There’s a good chance for storms in Bradenton and Manatee County on Thursday, and they could be severe, according to the National Weather Service.

To add to the mix, a \heat wave is expected to hit the eastern two-thirds of the country, and the heat index here will likely top 100 degrees by Thursday afternoon.

Sunny conditions are expected to prevail throughout the day with scattered showers and thunderstorms rolling in mostly after 2 p.m., according to NWS. There’s a 50 percent chance of rain during the day, but less than a tenth of an inch of rainfall is predicted.

The rain chances drop to 30 percent on Thursday night with scattered showers and thunderstorms possible before 11 p.m. and again after 2 a.m.

Forecasters predict a high around 91 degrees and a low around 76 degrees. That temperature range sounds pretty mild — until a humidity of 71 percent is factored in. As a result, the heat index will climb up to around 105 degrees by 3 p.m. before gradually tapering off.

At heat indexes of 103-124 degrees, heat cramps or heat exhaustion are likely and heat stroke is possible with prolonged exposure to heat and/or physical activity outside, according to NWS.

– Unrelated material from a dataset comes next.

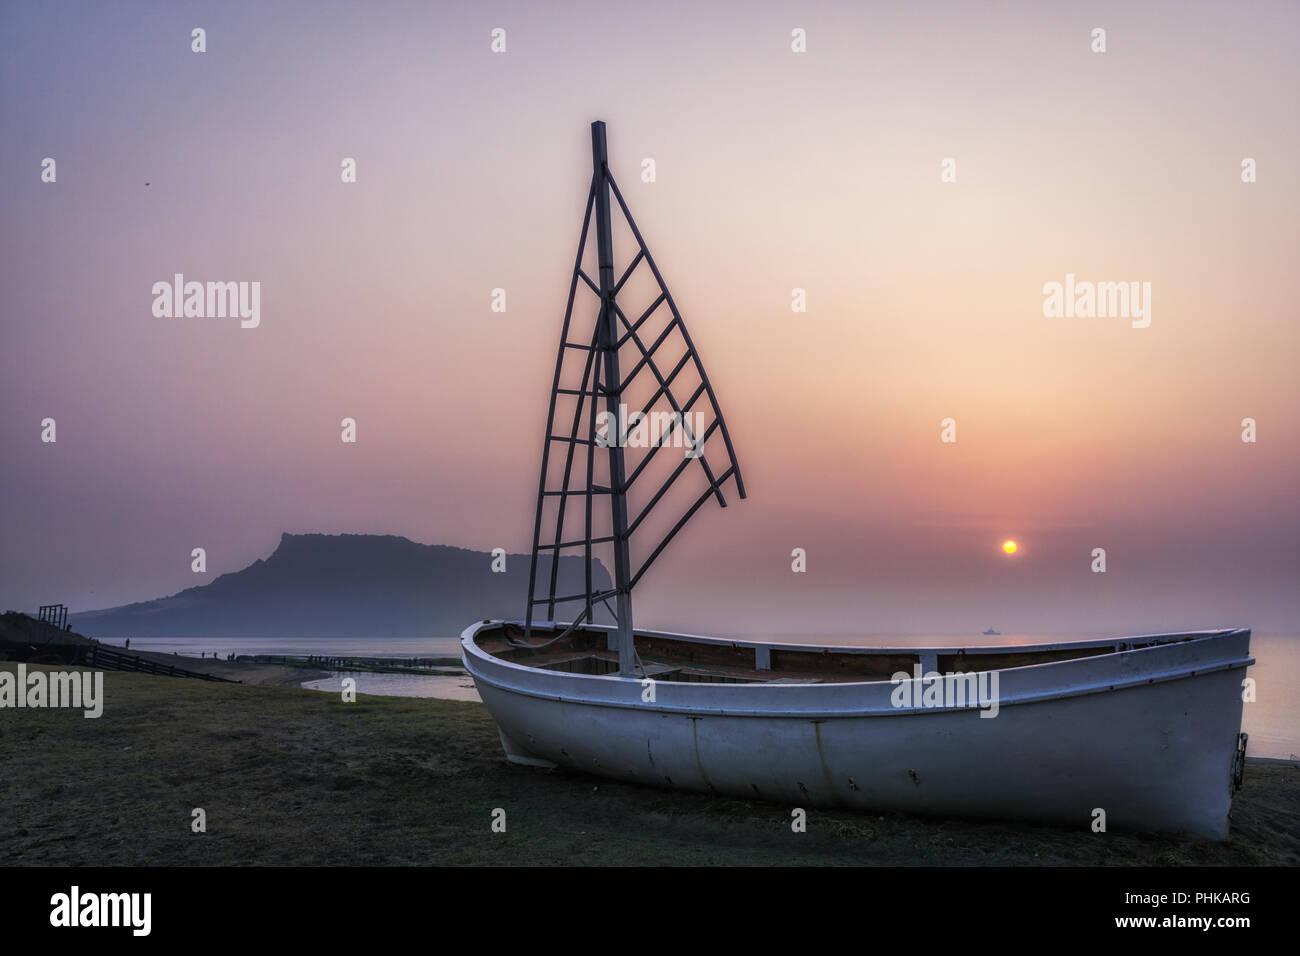 sunrise view sailboat gwangchigi beach - Stock Image
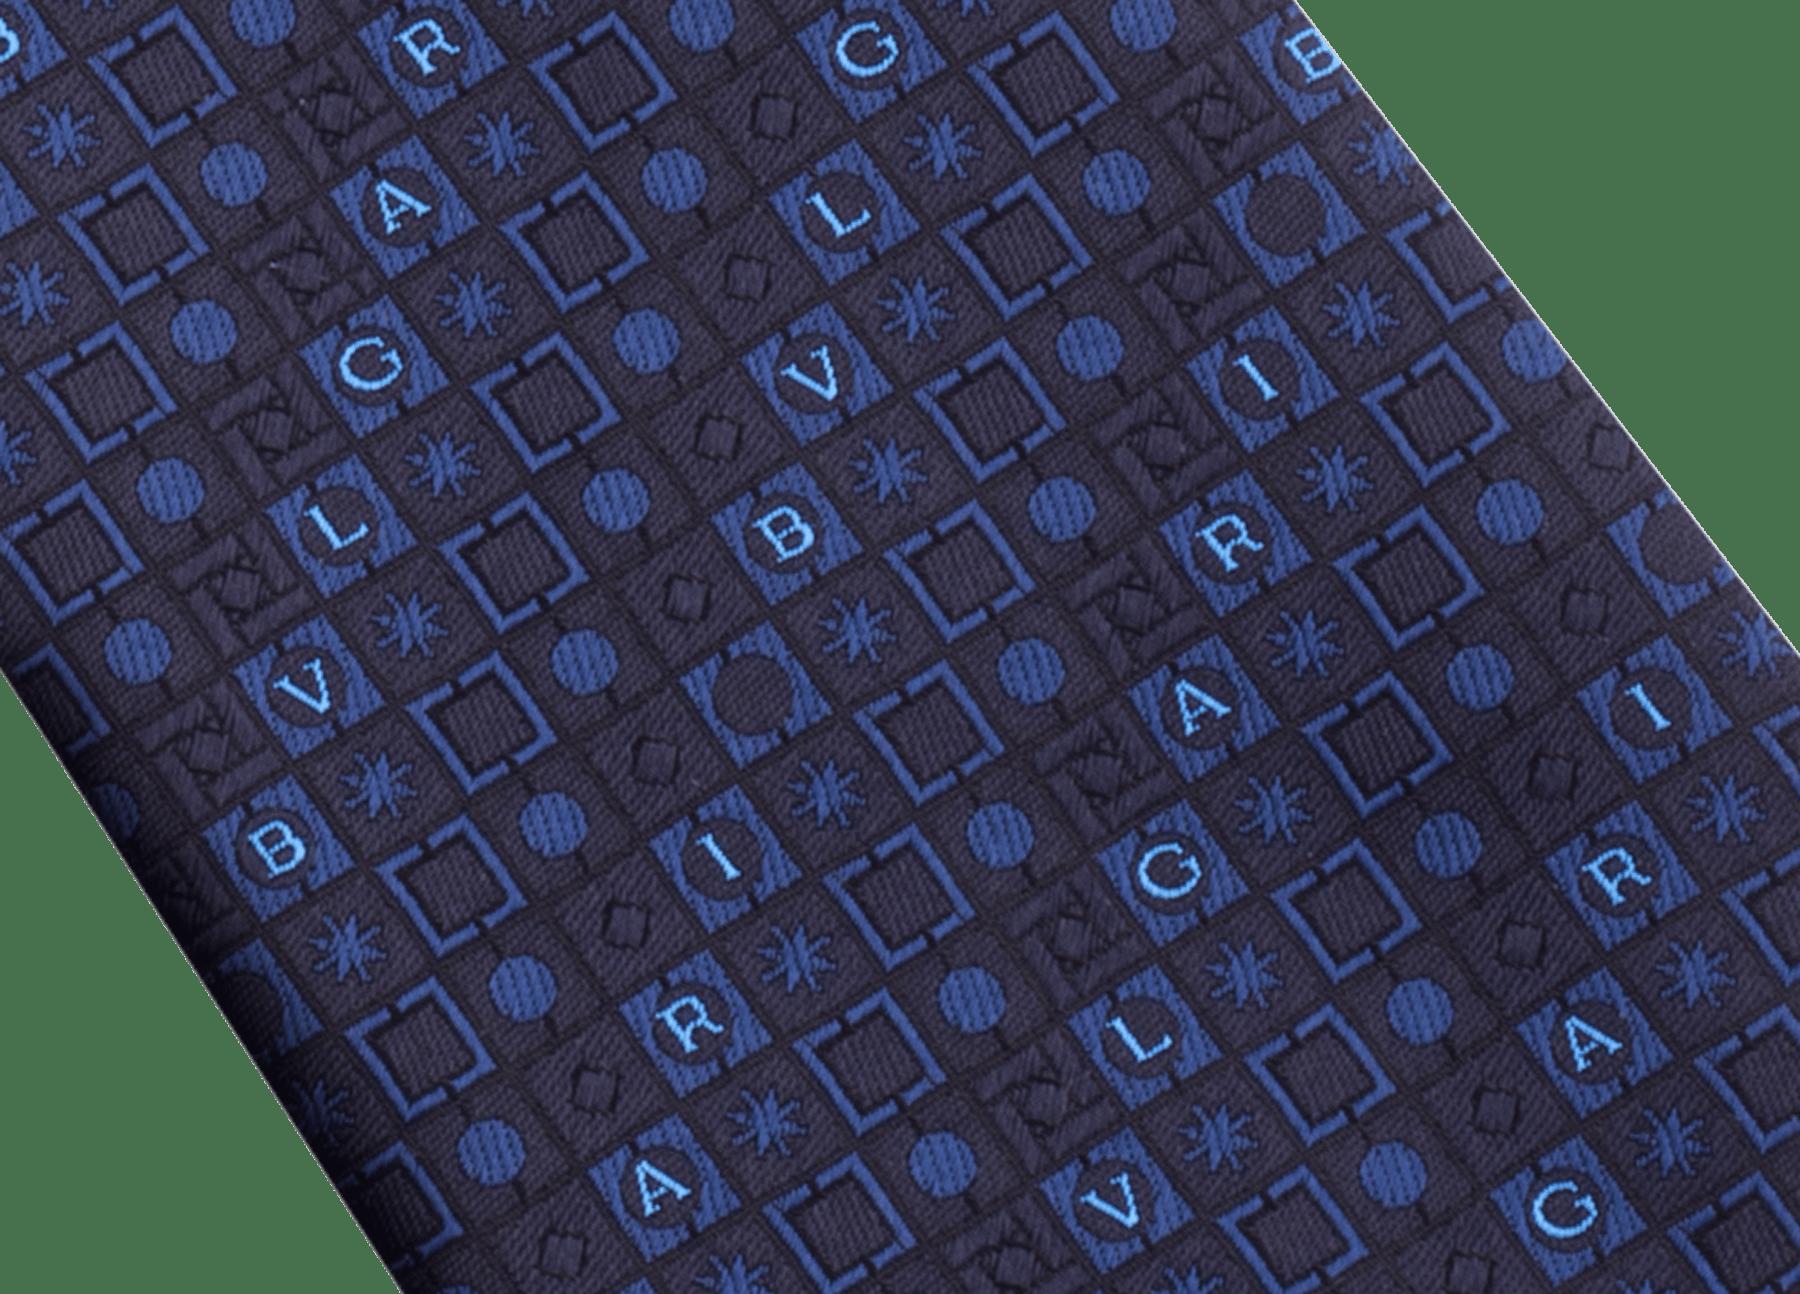 Cravatta sette pieghe blu navy con motivo Logo Peter in pregiata seta saglione stampata. 243668 image 2

Tips to stay safe from the heat include:

  • Drink plenty of water.
  • Wear light weight and loose fitting clothing.
  • Stay inside an air-conditioned environment, if possible.
  • Move indoors if the heat becomes overwhelming as soon as possible.
  • Anyone overcome by heat should be moved to a cool and shaded location immediately.
  • Heat stroke is a medical emergency, call 911.
  • Do not leave pets outside in the heat.
  • Never leave a pet or a child inside a parked vehicle.

Symptoms of a heat stroke include:

  • Throbbing headache.
  • Dizziness.
  • Lack of sweating despite the heat.
  • Red, hot and dry skin.
  • Muscle weakness or cramps.
  • Nausea and vomiting.
  • Rapid heartbeat.
  • Rapid and shallow breathing.

The national heat wave is expected to continue and possibly worsen over the weekend, bringing a host of dangerous heat-related conditions to normally temperate regions of the country.

In Florida, high summer heat indexes are nothing out of the ordinary, but this year has already been exceptionally hot. May’s temperatures broke state heat records, and June came close.

There is some good news though — the Atlantic is currently free of tropical disturbances that could develop into tropical storms, according to the National Hurricane Center.